Samsung, too, is setting up new standards in conserving the environment through its “circular resource management system” that hinges on recycling, green purchasing from vendors amid effective hazardous material management. The company is focussing on reducing greenhouse gas emissions (GHG) emissions to the extent of 70 per cent in the near future. Another global tech giant, Nokia, is redefining how products become more environmentally accountable. It calls this “Responsible Technology” and has gone a step further by joining 86 other like-minded companies to ensure that the strategic vision for the group is aligned with reducing the global temperatures by 1.5° Celsius in order to collectively battle climate change. This is in addition to the active initiative currently under way to completely remove single-use plastics across its production spectrum.
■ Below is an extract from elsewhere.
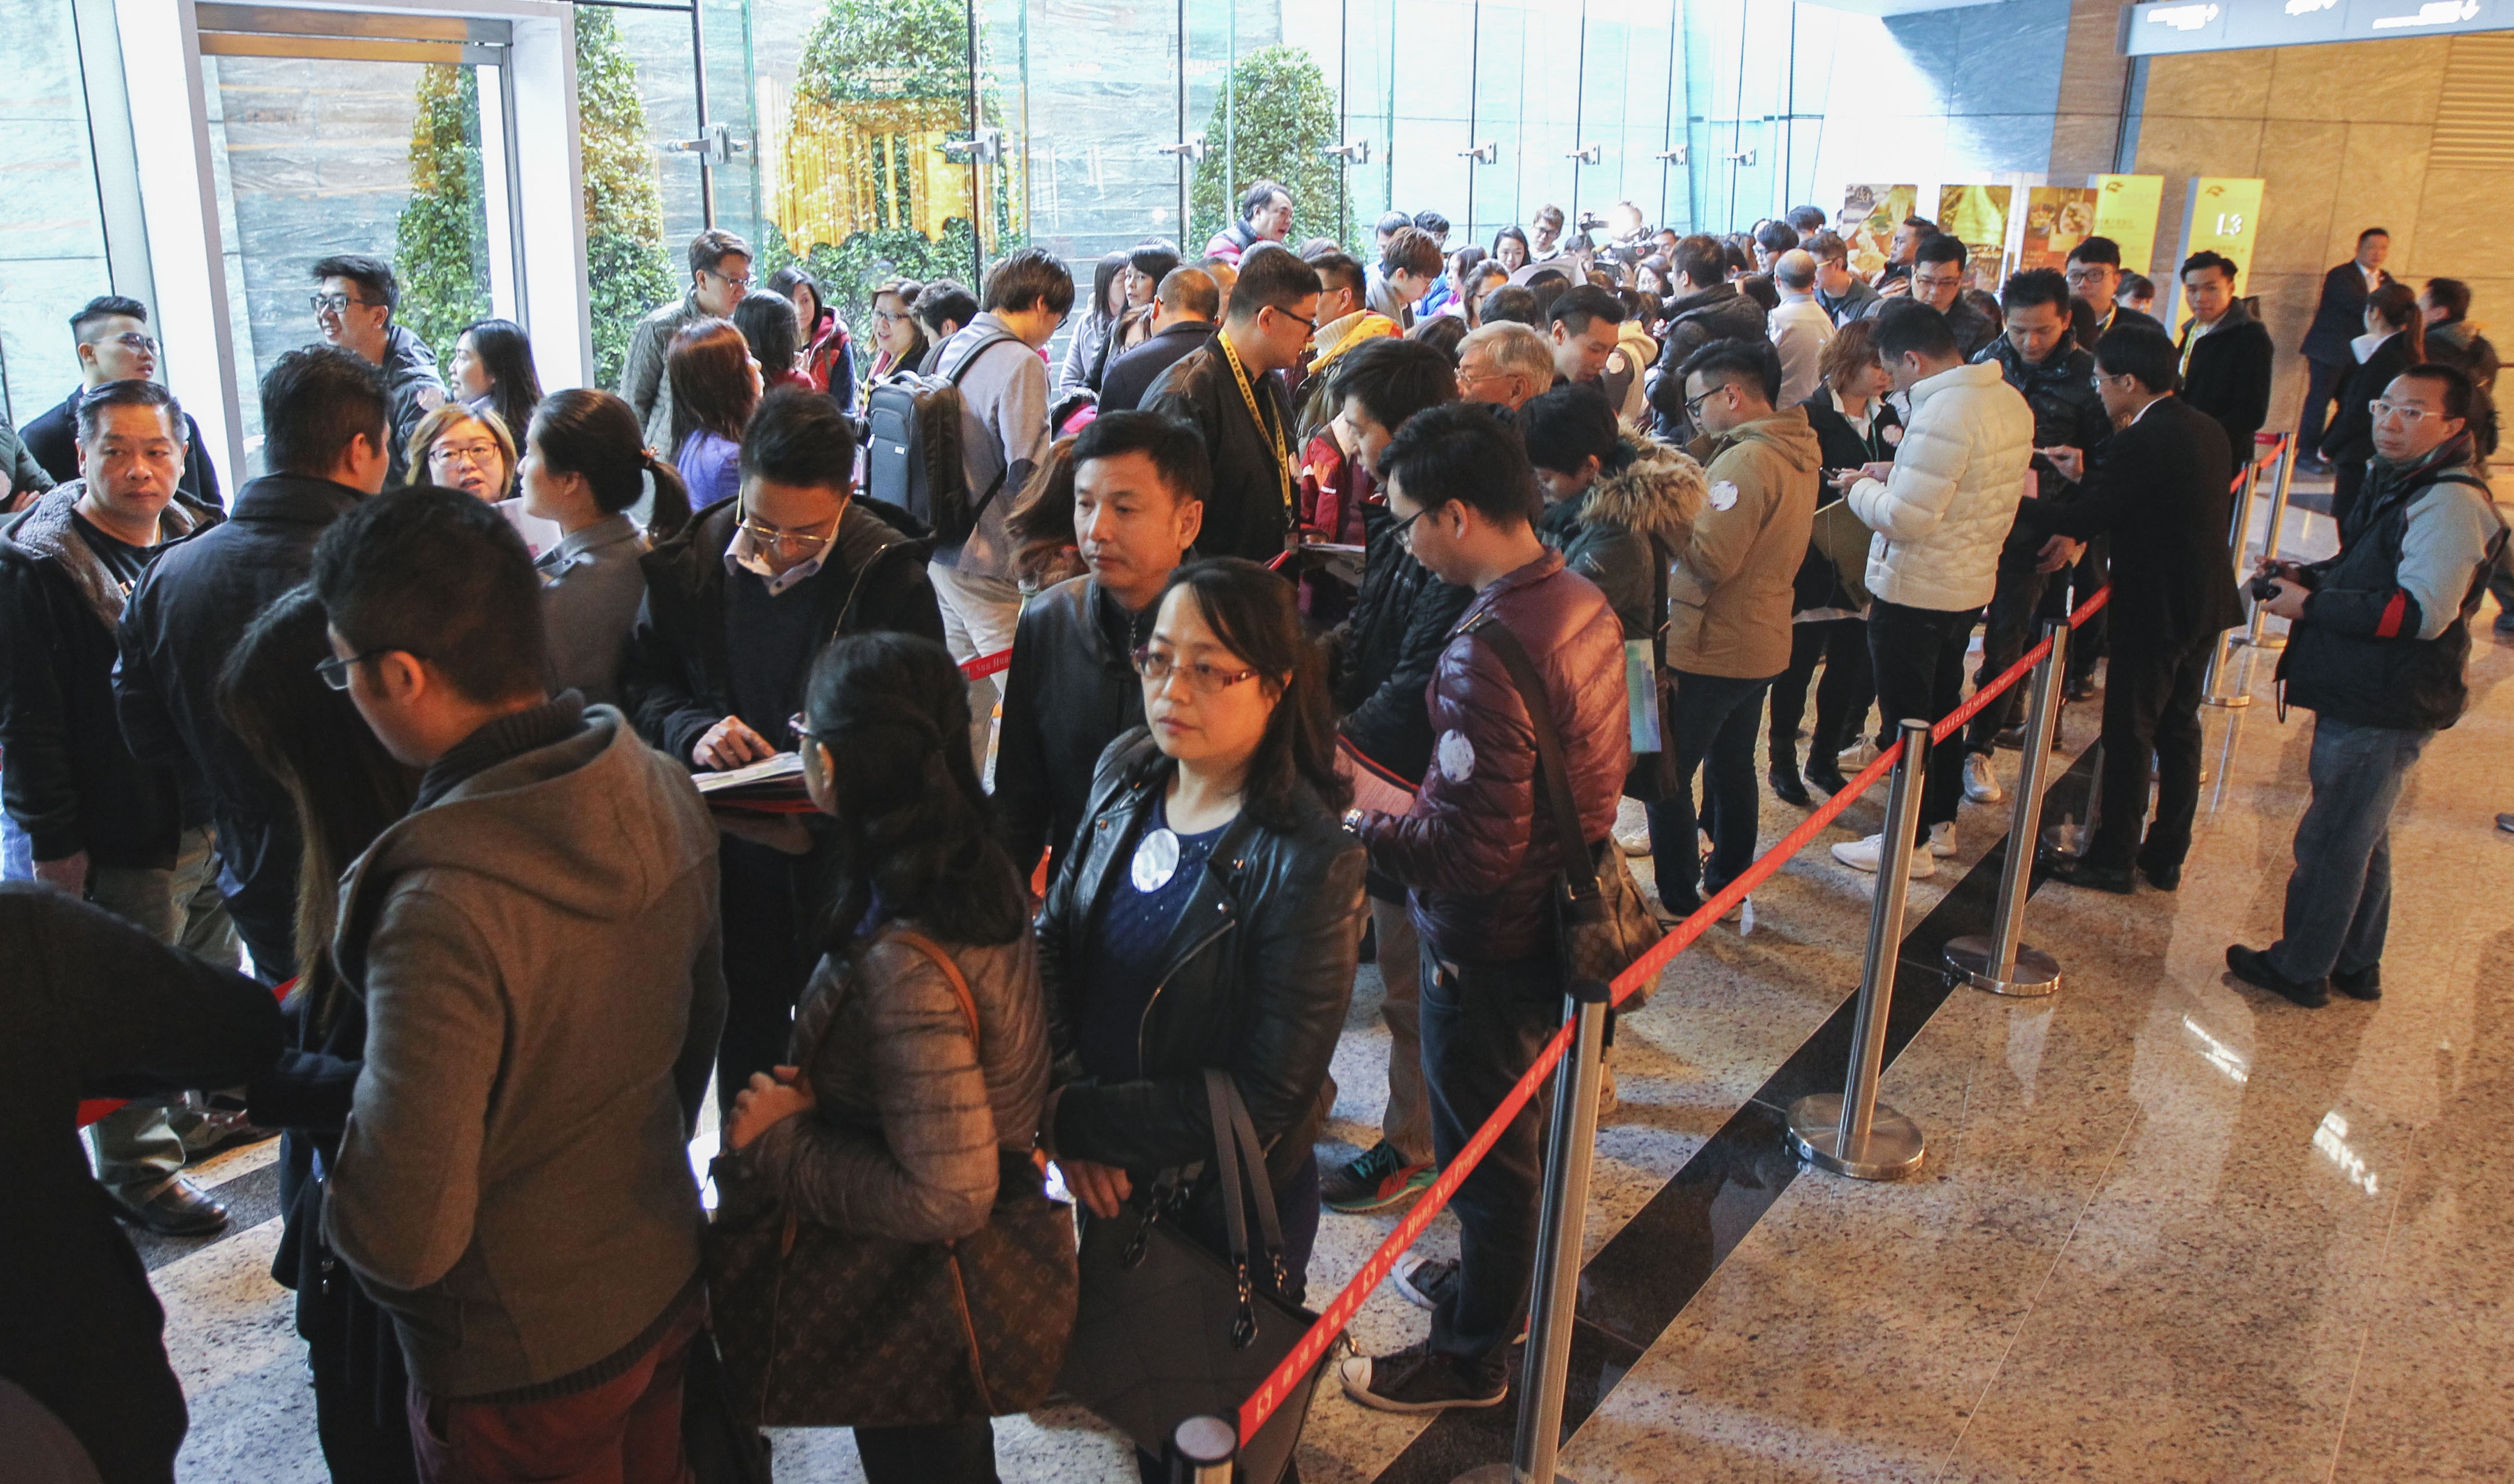 Buyers queue up at Sun Hung Kai Properties’ launch of its St Barths apartment complex at the International Commerce Centre (ICC) in West Kowloon. Photo: SCMP / Roy Issa

 For a world that is drowning in electronic waste, especially in countries such as India where e-waste regulations are anything but effective, these firms are setting a benchmark in product responsibility and accountability towards the environment. However, they still have a long way to go since not all products end up getting 100 per cent recycled. The day they can recall their “end of life cycle product” back to the starting point for recycling is the day they can claim 100 per cent environmental accountability. However, their efforts are thought-provoking and make one wonder where do Indian companies figure in comparison? And why do none of the Indian-made products achieve such comprehensive environmental accountability? The answer lies in vision or the lack of it. Much of the corporate social and environmental responsibility in India is aimed at satisfying Government protocols and very little actually percolates to the ground level. One can still see the impact corporate vision has on some social project, but one is hard-pressed to effectively find an environmental project that has the stamp of a sincere corporate effort on it.
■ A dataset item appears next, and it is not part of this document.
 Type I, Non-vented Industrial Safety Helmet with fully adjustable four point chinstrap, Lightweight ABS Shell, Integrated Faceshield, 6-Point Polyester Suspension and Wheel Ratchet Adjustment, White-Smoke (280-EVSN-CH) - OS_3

Indian manufacturing companies need to build a much-needed environmental dimension into their products. This is no easy task given the fact that sometimes even finding after sales service for many products we buy today can prove to be a harrowing experience. To graduate from this stage to a level where the companies produce a 100 per cent recyclable product is a long journey that needs encouraging policies and incentives from the Government and world-class corporate leadership. In this journey, innovative methods and ideas can lay the foundation for Indian companies to produce environmentally-accountable products. One of the initiatives that can be pursued is to create a category of “green” electrical and white goods which are made of 100 per cent recyclable material and have a clear-cut end of life cycle disposal plan. This category can be promoted and encouraged by the Government through tax and logistics sops besides finance options to manufacture them. On the consumer end, they can also carry compelling finance schemes or lucrative discounts. The clear environmental and viability-related benefits would surely drive manufacturing firms to increase their “green product” portfolio as it would also improve the company’s image and standing for being environmentally conscious. Similarly, the drive to produce at the lowest cost and sell at the maximum profit is the root of all evils because in the pursuit of driving down costs, manufacturers disregard all ecological concerns and use suspect material that is environmentally hazardous. Recycling then is impossible. Therefore, to give credence to the concept of “green products”, the Government must rein in the supply chain and third-party vendors for whom quality assurance and environmental responsibility are alien concepts. Surprise checks, quality control at Government laboratories and harsh penalties for defaulters can help infuse a new-found respect for the environment. Products that we buy today continue to exist long after we dispose them. Whether they harm the environment or not depends on how environmentally accountable the producer is.